There is a number $x$ containing $1999$ digits and is divisible by $9$; if we add all digits of $x$ we get $y$ and as same adding digits of $y$ we get $z$. Find the probability that $z$ contains two digits.
My Attempt
let $y=9k \;; k\in \mathbb N$, $$y_{max}=9\times1999=17991 \qquad \qquad y_{min}=9 \qquad \qquad z_{max}=36(y=9999)$$ I have noticed one thing that for $k \in \{1,2,\dots,9 \}$ $z$ is not a double digit number.
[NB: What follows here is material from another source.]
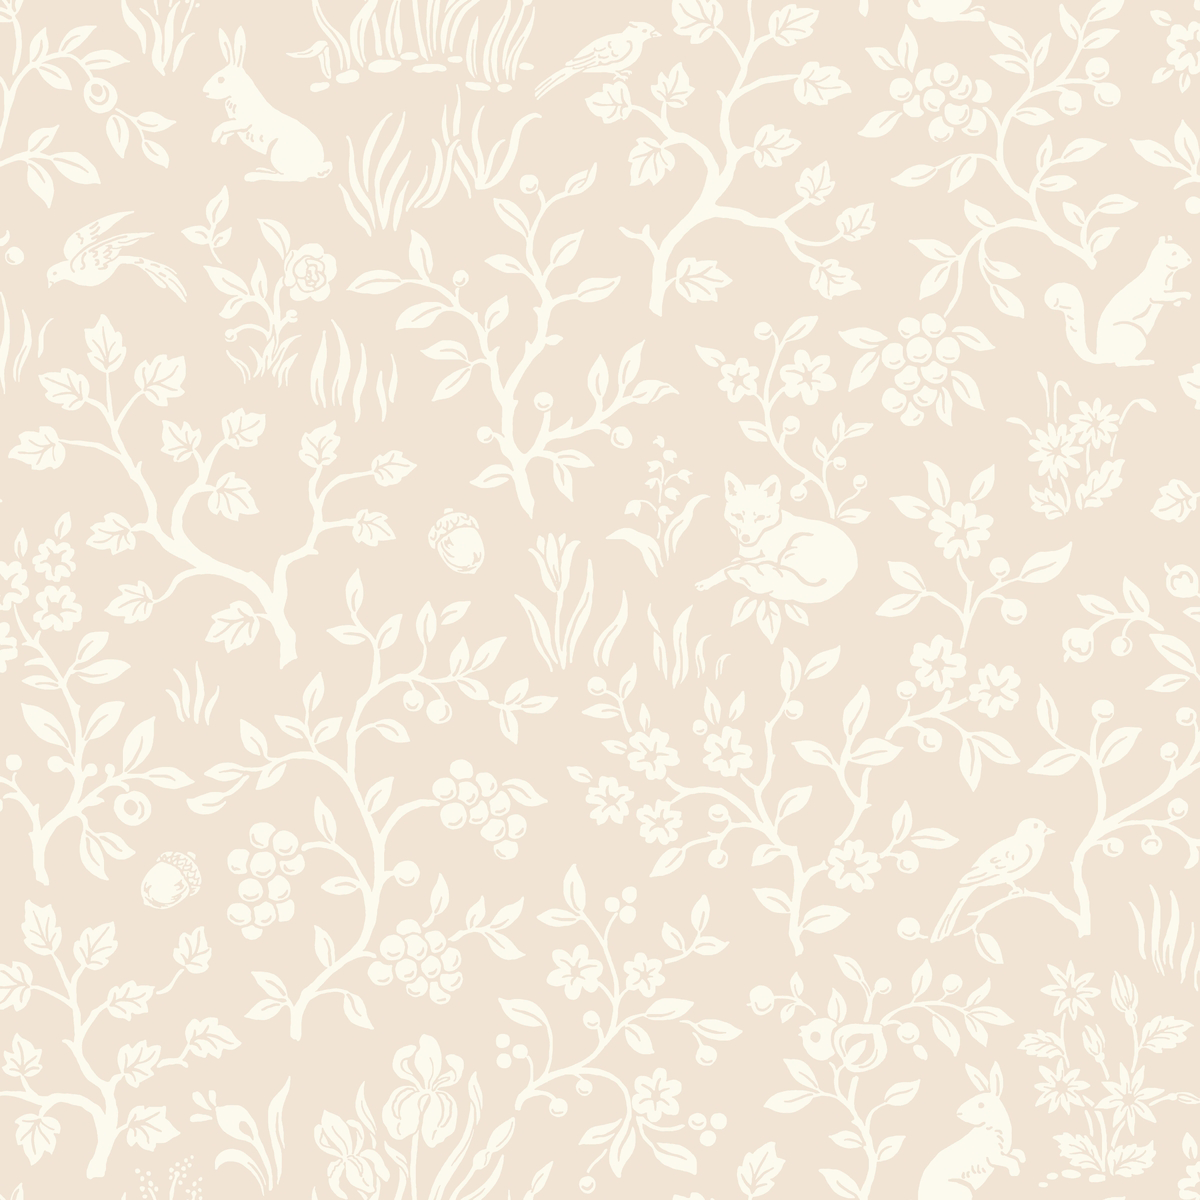 Magnolia Home Fox and Hare Wallpaper - SAMPLE SWATCH ONLY

For $k \in \{11,21,22,31,32,33,41,42,43,44,\dots,97,98,99\}$ ($45$ digits in total); $z$ is a two digit number. For rest all two digits values of $k$ number $z$ is a one digit number i.e. $9$.
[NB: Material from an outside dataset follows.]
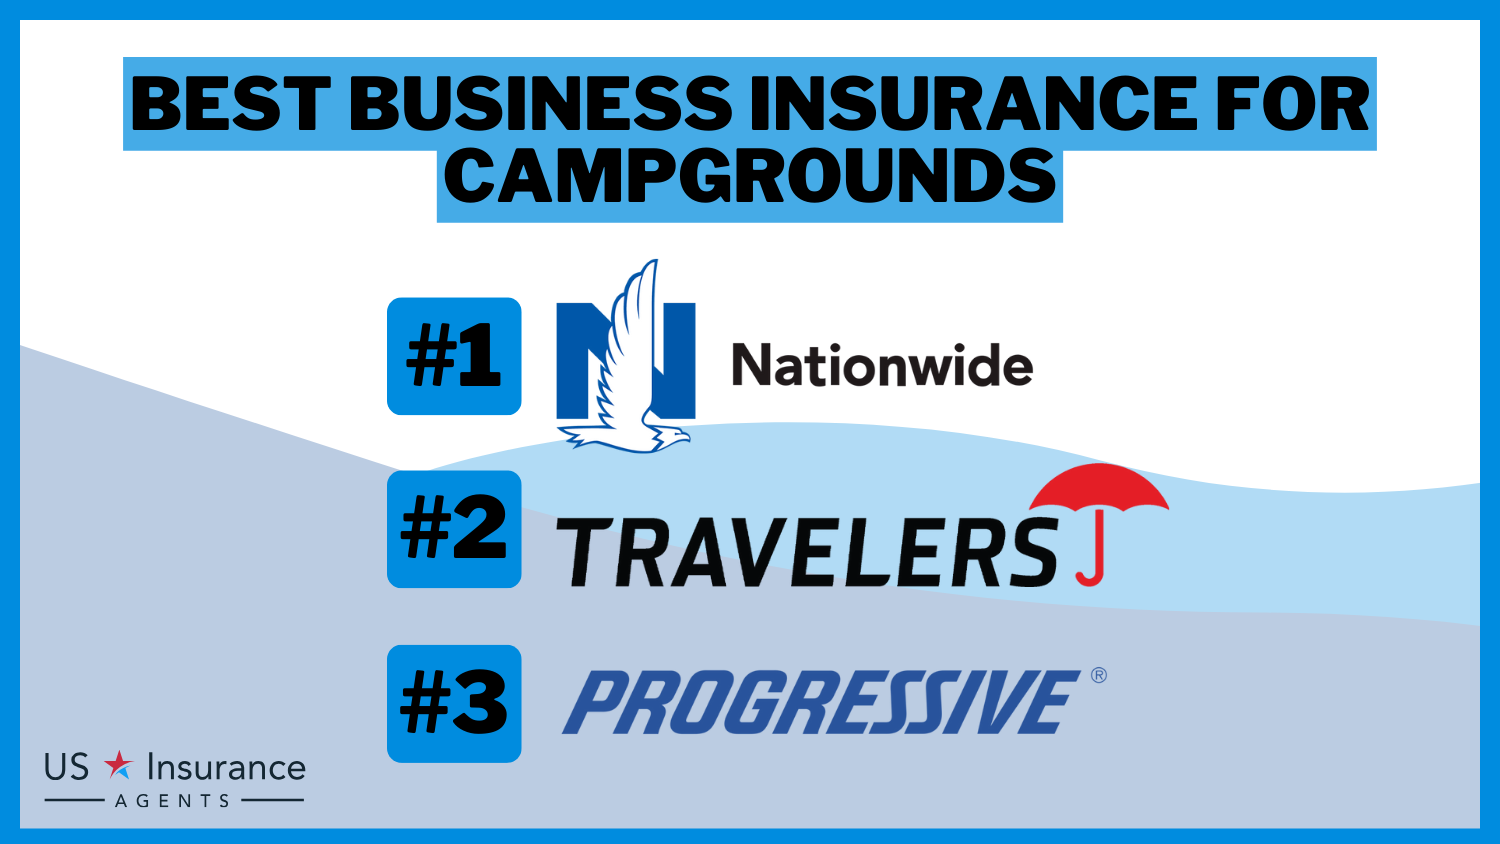 Nationwide, Travelers and Progressive: Best Business Insurance for Campgrounds

For $k \in \{100, 120,130,140,150,160,170,190,200,230,240,250,260,\dots,800,890,900\}$ (i.e. Those 3 digit numbers which are $10's$ multiples of numbers not included in the privious set.) $z$ is not a two digit number. For rest all 3 digit vlues of $k$ $z$ is a two digit number.
For, $k\in \{1000,1200,1300,1400,1500,1600,1700,1800,1900\}$ ; $z$ is not two digit number.
So I get total $(9+45+45+9)=108$ values of $k$ for which $z$ is not a two digit number.
Probability=$\frac {1999-108}{1999}={1891\over1999} \approx 0.946$ but a very simple answer is given $2\over3$. Where am I wrong in approaching this question? Please help.